Summit too hard to swallow?

Nov 18th, 2009 | By | Category: Food for Thought

By SHALWAH EVANS
November 18, 2009

As a reporter my job is to take complicated issues and frame them so that they make sense to the average person—or so I thought. But by the end of this World Summit on Food Security, I too am confused about this behemoth of an issue. I’ve collected all the papers. I’ve read the documents. I’ve listened to the statements made by delegates from various countries. And I still wonder: has anything come from this summit, funded by the Saudis for $2.5 million.

I am unsure how to appease the reader when it comes to the huge multi-faceted issue at the end of a summit that essentially has not reached a solution.

Jacques Diouf, director-general of the Food and Agriculture Organization of the United Nations, said that he “believes that we have agreed on important things.” And although he concedes that a summit cannot solve the problems, but only actions of the leaders who have made promises can do that, he said that some progress has been made.

I think about this as I reflect on this experience. During a short break between the conclusion of the summit and Diouf’s press conference I went to lunch across the street with some colleagues. We settled at an outside table of a nice restaurant with mid-range prices; about seven euros for a margherita pizza. After a miscommunication about a plate of tortellini ensued my colleagues and I left only paying for what we thought was fair, leaving a cold plate of tortellini on the table—almost completely untouched. I ordered tortellini with cream sauce, as described and pictured on the menu not expecting it to have small pieces of ham sprinkled on top. I don’t eat ham for religious reasons, and asked that the food be taken back.

I couldn’t even begin to figure out the value of that plate of tortellini in the larger scheme of food and agriculture, but I know I felt guilty as I replayed in my head the words of African visitors attending the summit. Most of them were from NGOs in developing countries, hoping for the chance to be heard by UN leaders regarding the lack of access to food in their countries. Here I was leaving food on a table, because of a religious restriction nonetheless, but interviewing people who have seen famine and drought in their homes.

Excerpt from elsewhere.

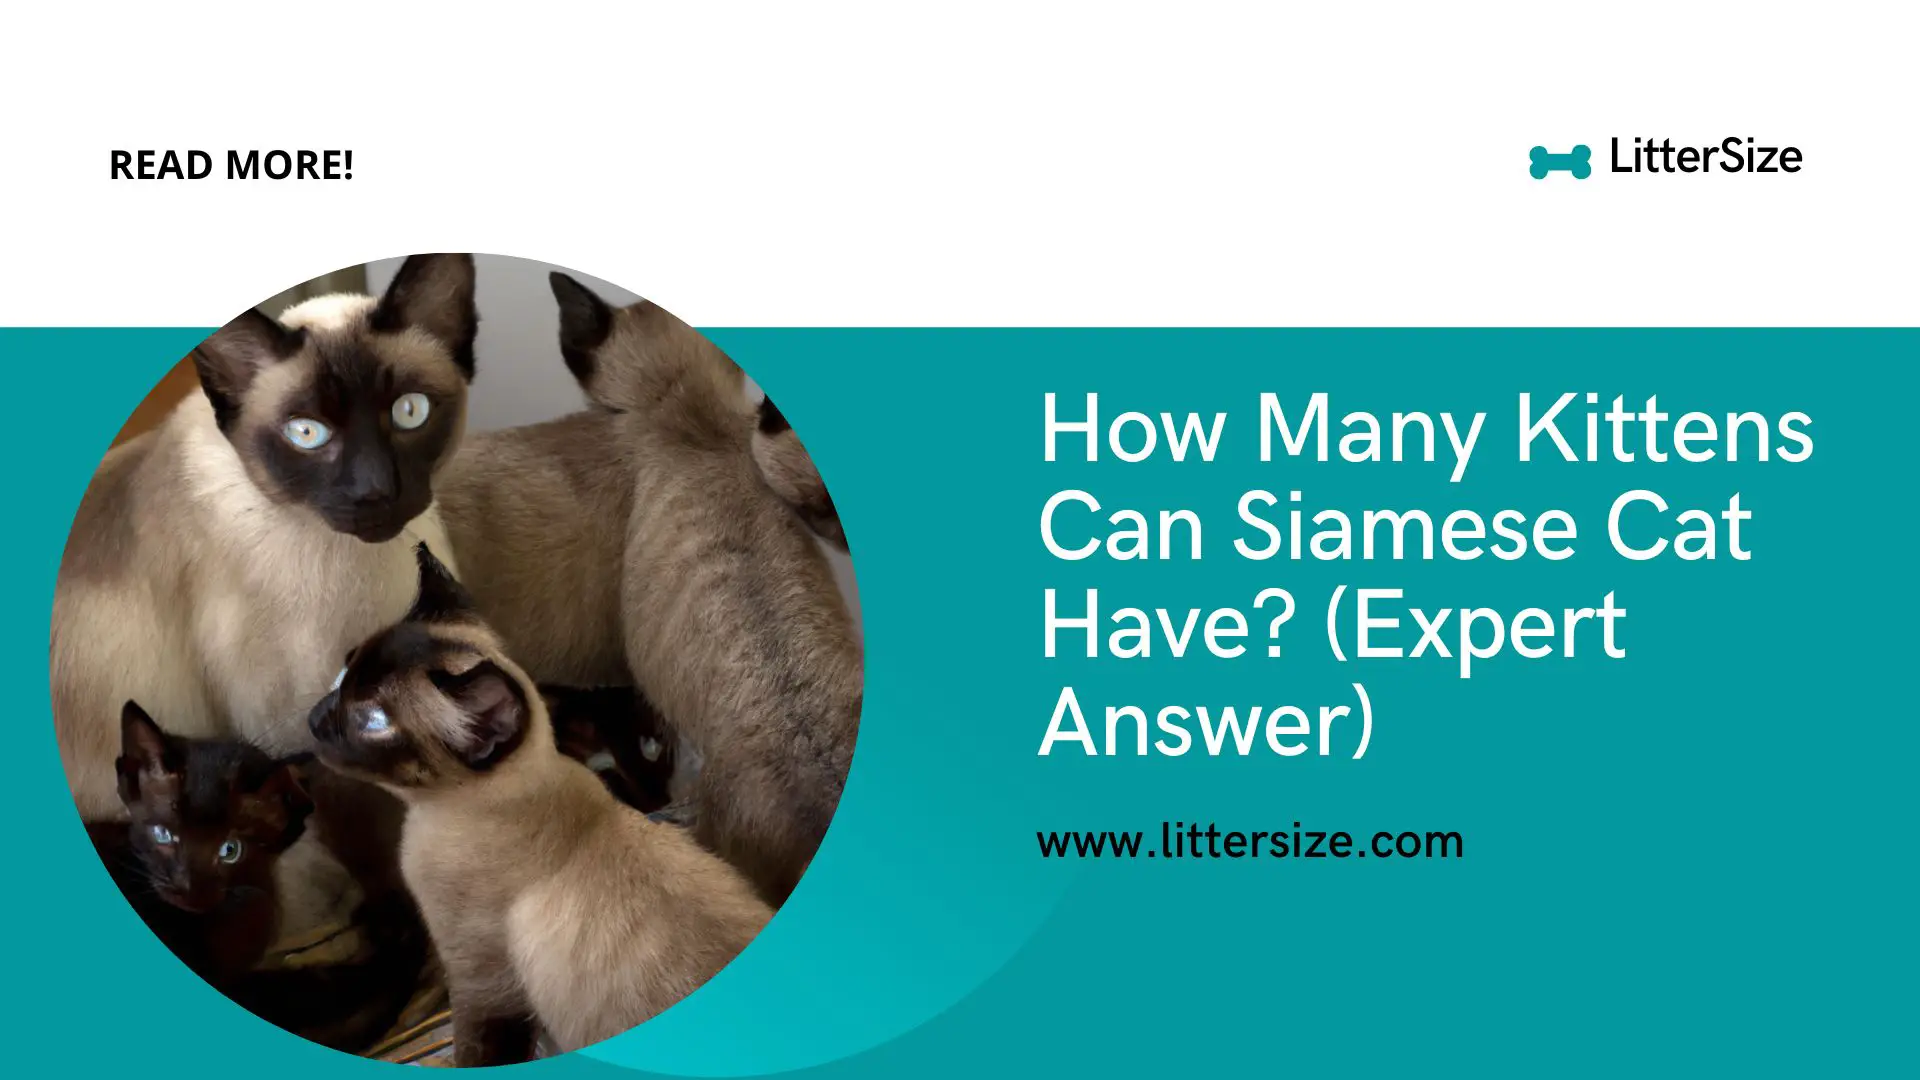 How Many Kittens Can Siamese Cat Have? (Expert Answer)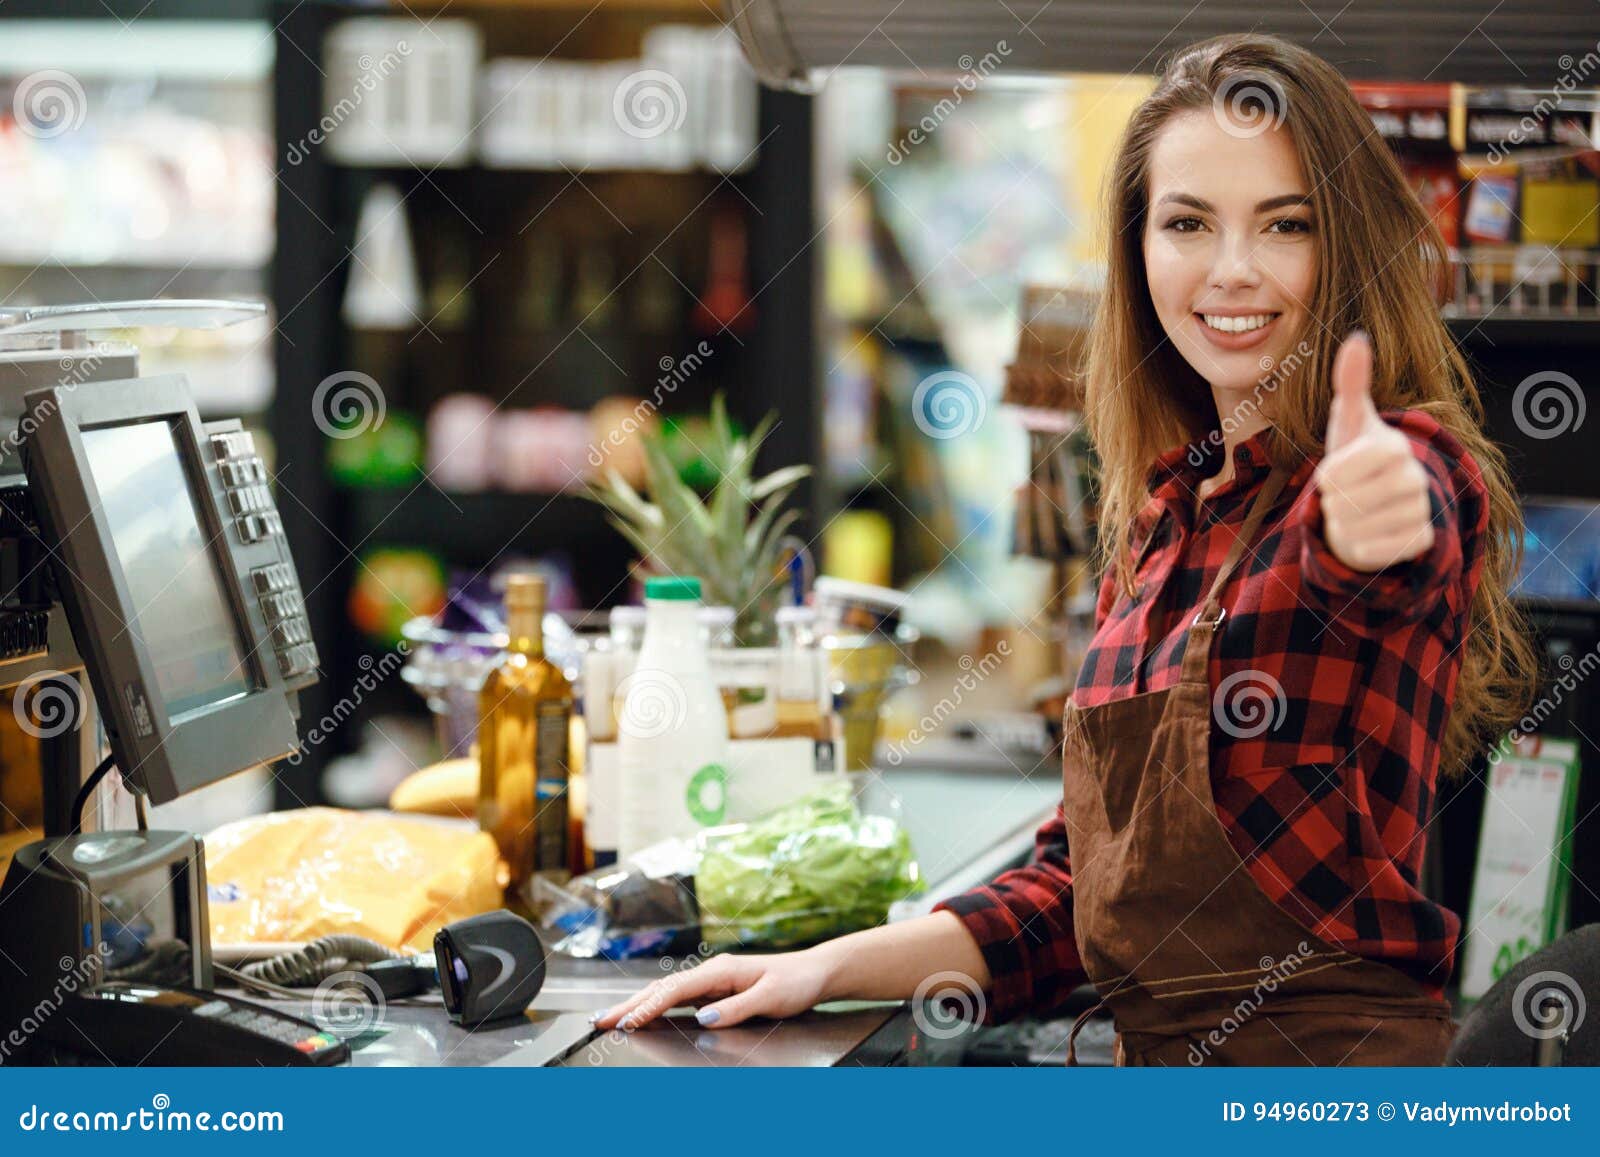 cheerful cashier woman on workspace showing thumbs up.

Particularly I thought about Aichatori Sami from Niger. I met her at the Food Sovereignty Forum’s events on the first day of the summit. In a park across the street from the FAO building, surrounded by police officers, she gathered with other NGO leaders to discuss what absolutely needs to be done to end hunger. She spoke softly, with no malice in her voice.

“I am with the regional Peasants Platform from Niger and we are part of La Via Campesina, which is an umbrella organization,” she said. “We are very proud to come to this forum. We have great hope that our governments may be able to insist, and to press upon FAO so that they can really implement the concept of food sovereignty—which to me means being able to be fed, to eat as much as you need to. And when I say eat I mean good quality food.

“As I see it, during the last years, efforts for food security are still too weak. There has been a decline in the percentage of food aid to developing countries. I think that our governments should stand up and pressure the people at UNICEF, FAO and other institutions so that they really do the things discussed here this week.”

At the press conference most reporters touched on similar subjects. This summit failed, these talks led to nothing. The sentiment was skepticism. After previous meetings like this, nothing has happened. So people like Sami, and reporters, are understandably wary of believing that anything will change this time. If effective fights against hunger failed to materialize from previous events like this why should we believe. As of right now the summit has just ended. And whether or not promises will be kept is to be seen. And it is the hope of people like Aichatori Sami that this summit won’t be added to the list of examples of failed talks. And as human being with a heart, and a reporter who sees the passion of both sides—the intent of the UN leaders and doubt of the hungry people—it’s my hope as well.